Aspirin lowers diabetes risk during COVID-19, but not without side effects

New research suggests that taking a daily aspirin may halve your risk of developing diabetes, especially during the COVID-19 pandemic, by targeting inflammation, but not without trade-offs.

Study: Aspirin reduces the risk of type 2 diabetes associated with COVID-19. Image Credit: Studio Romantic / ShutterstockStudy: Aspirin reduces the risk of type 2 diabetes associated with COVID-19. Image Credit: Studio Romantic / Shutterstock

In a recent study published in the journal npj Metabolic Health and Disease, a group of researchers assessed whether daily low-dose aspirin reduces the risk of new-onset type 2 diabetes (T2D) associated with Coronavirus Disease 2019 (COVID-19).

Background

T2D affects over 500 million people globally, and its incidence sharply increased during the COVID-19 pandemic. Several factors, including stress, poor dietary habits, reduced physical activity, and limited access to healthcare, may have contributed to this rise in cases.

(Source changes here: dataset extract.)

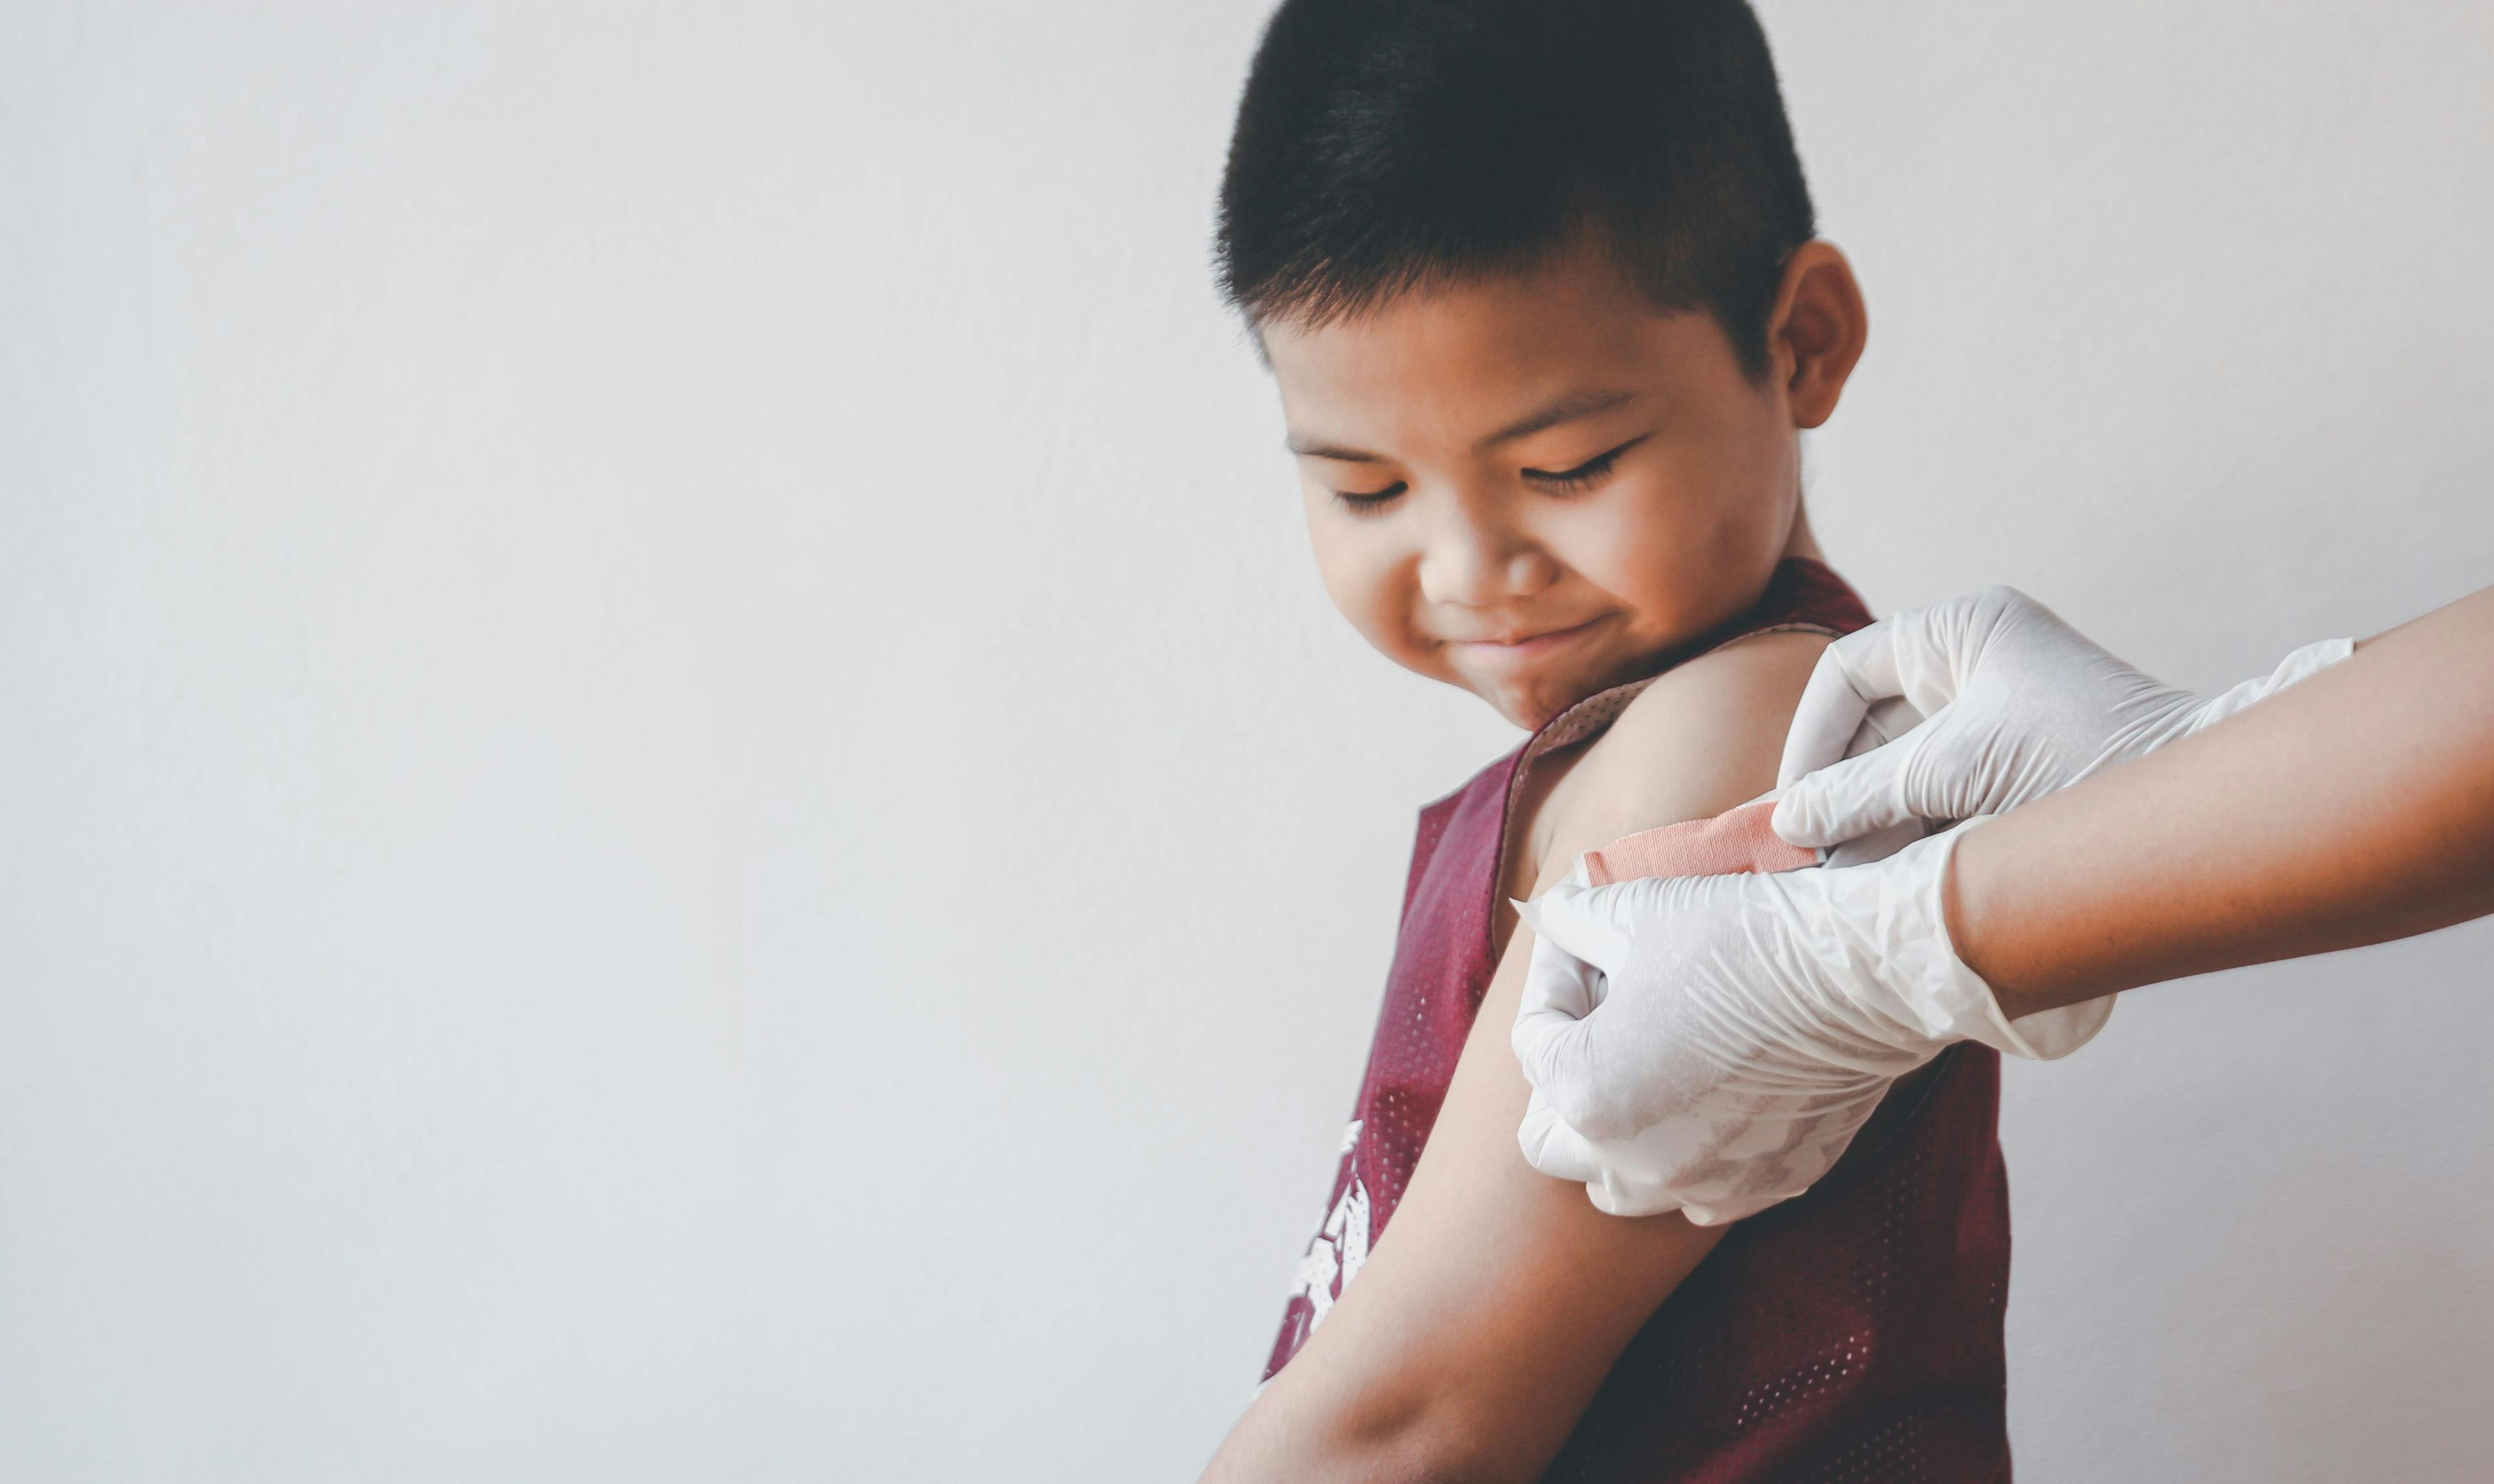 Parents express low confidence in pediatric COVID-19 vaccine 
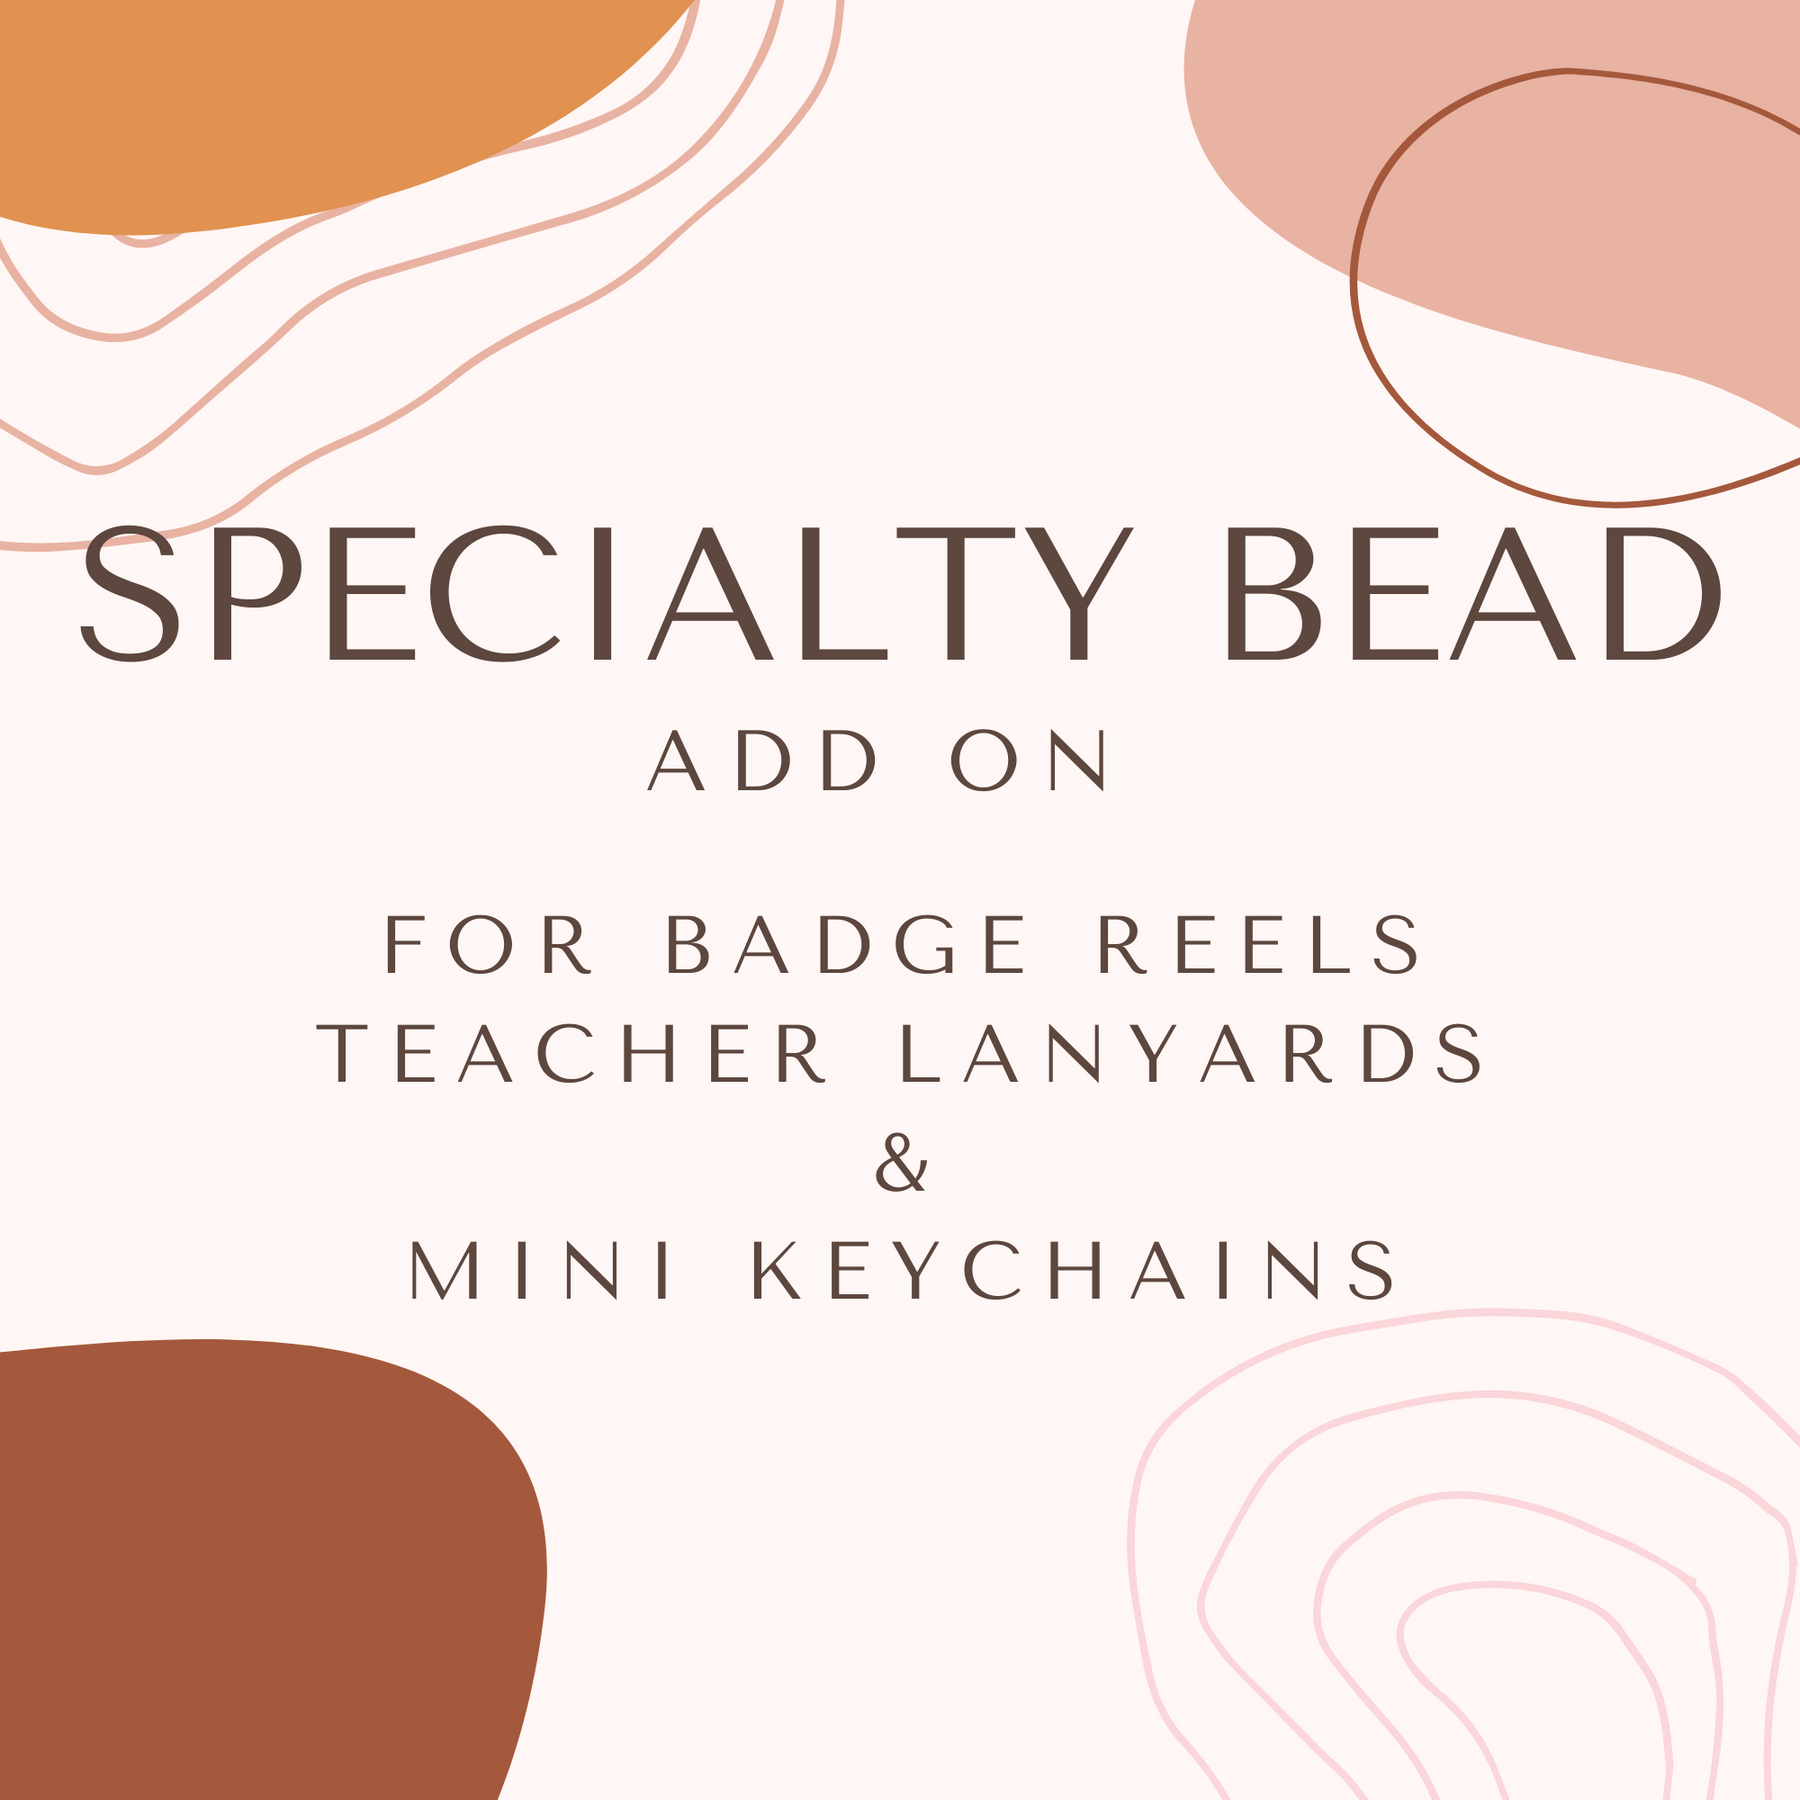 ADD SPECIALITY BEADS FOR BADGE REEL, TEACHER LANYARDS OR MINI KEYCHAINS Rose with Grace LLC

Experimental research suggests that inflammation plays a key role in disrupting insulin function, prompting interest in anti-inflammatory treatments for prevention. Aspirin has anti-inflammatory effects that may help regulate blood sugar levels, in addition to its cardiovascular benefits. However, most of the findings so far come from controlled trials in older adults, and to understand how aspirin affects T2D in everyday life, further research is needed.

About the study

The present longitudinal cohort study was conducted using electronic health records from Cooperative of General Practitioners (COMEGEN)- a healthcare network under the Italian Ministry of Health operating in Naples. The COMEGEN database contains clinical information on over 200,000 adults. Researchers collected data from January 1, 2018, to December 31, 2022, among adults aged 18 years and older. Adults were eligible if they had neither a previous diagnosis of T2D, chronic kidney disease, or cardiovascular events, nor used aspirin before 2018.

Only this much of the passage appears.